Voices are smooth and direct, but they’re not as natural or expressive as on the Ruark MR1s. We would have liked a clearer and more articulate sound.
That lively bass in Didn’t It Rain isn’t quite as punchy and agile as we’d like, either. The low end doesn’t go that deep, and it can plod along somewhat.
On the other hand, the top end is well behaved and has sweetness to it. Timing might not be all it could be, but there are no harsh edges with the Blue Auras.
These speakers are the ideal desktop size, similar to the dinky Audio Pro Addon T8s. They’re small enough to sit unobtrusively next to a laptop without taking up too much space.
Build quality is sturdy, while the faux-leather finish gives a soft but tough texture.
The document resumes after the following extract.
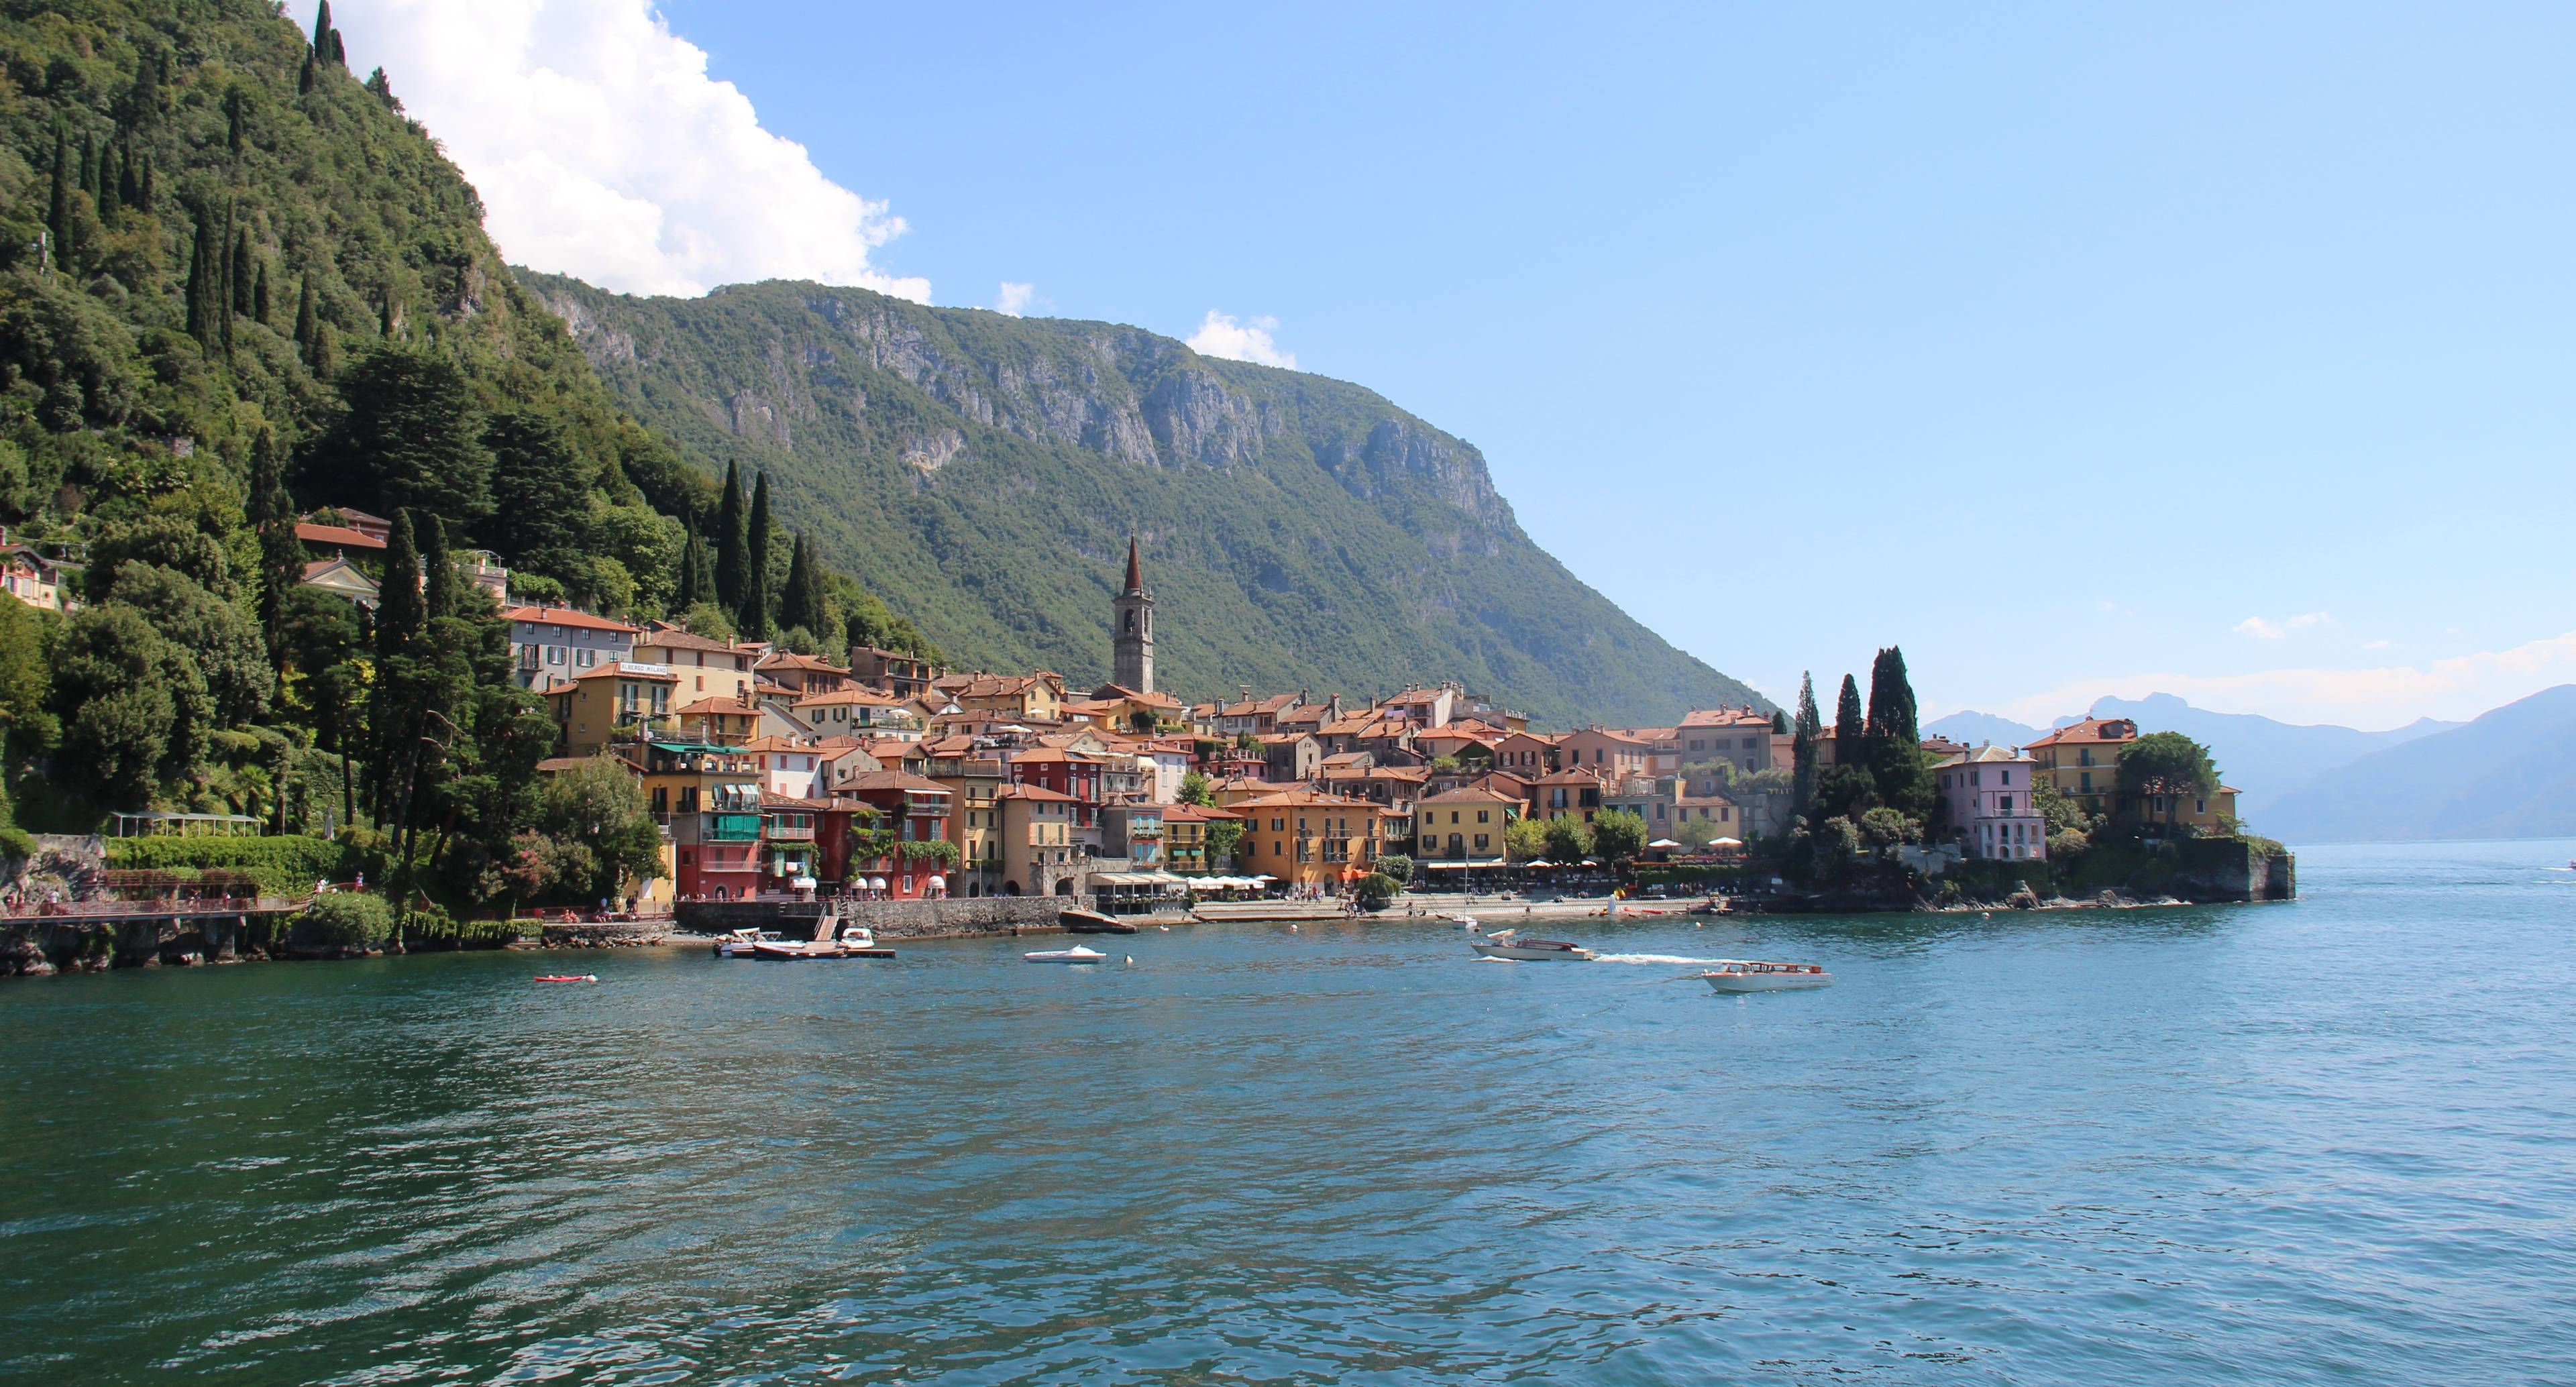 From Varenna to Lecco

The X30s are available in three finishes: graphite, sahara, or arctic white.
Inside each speaker is a 20mm soft-dome tweeter and a 3.5in paper cone, while the master speaker houses a 25W-per-channel class D amplifier.
Bluetooth streaming is the highlight feature here, but wired connections haven’t been forgotten.
A pair of RCA inputs (for analogue sources) and a digital optical input (to connect to a TV or laptop) are situated on the master speaker’s back panel.
There’s no 3.5mm input, however, so you'll need a 3.5mm-to-stereo RCA cable to connect phones or MP3 players that don't support Bluetooth.
A USB port for an optional wireless receiver is provided, as is a subwoofer output should you want to add some much-needed oomph to the X30s.
The remote is small and basic, but we like the big buttons, and it’s responsive.
Pleasant as they are, the Blue Aura X30 speakers aren’t the subtlest or most involving listen. The similarly petite Audio Pro Addon T8s deliver a clearer, livelier sound, and cost £40 less than the Blue Auras’ £290.
The build, design and size are all spot-on for speakers of their kind, but the X30s face fierce competition from well established, more talented rivals.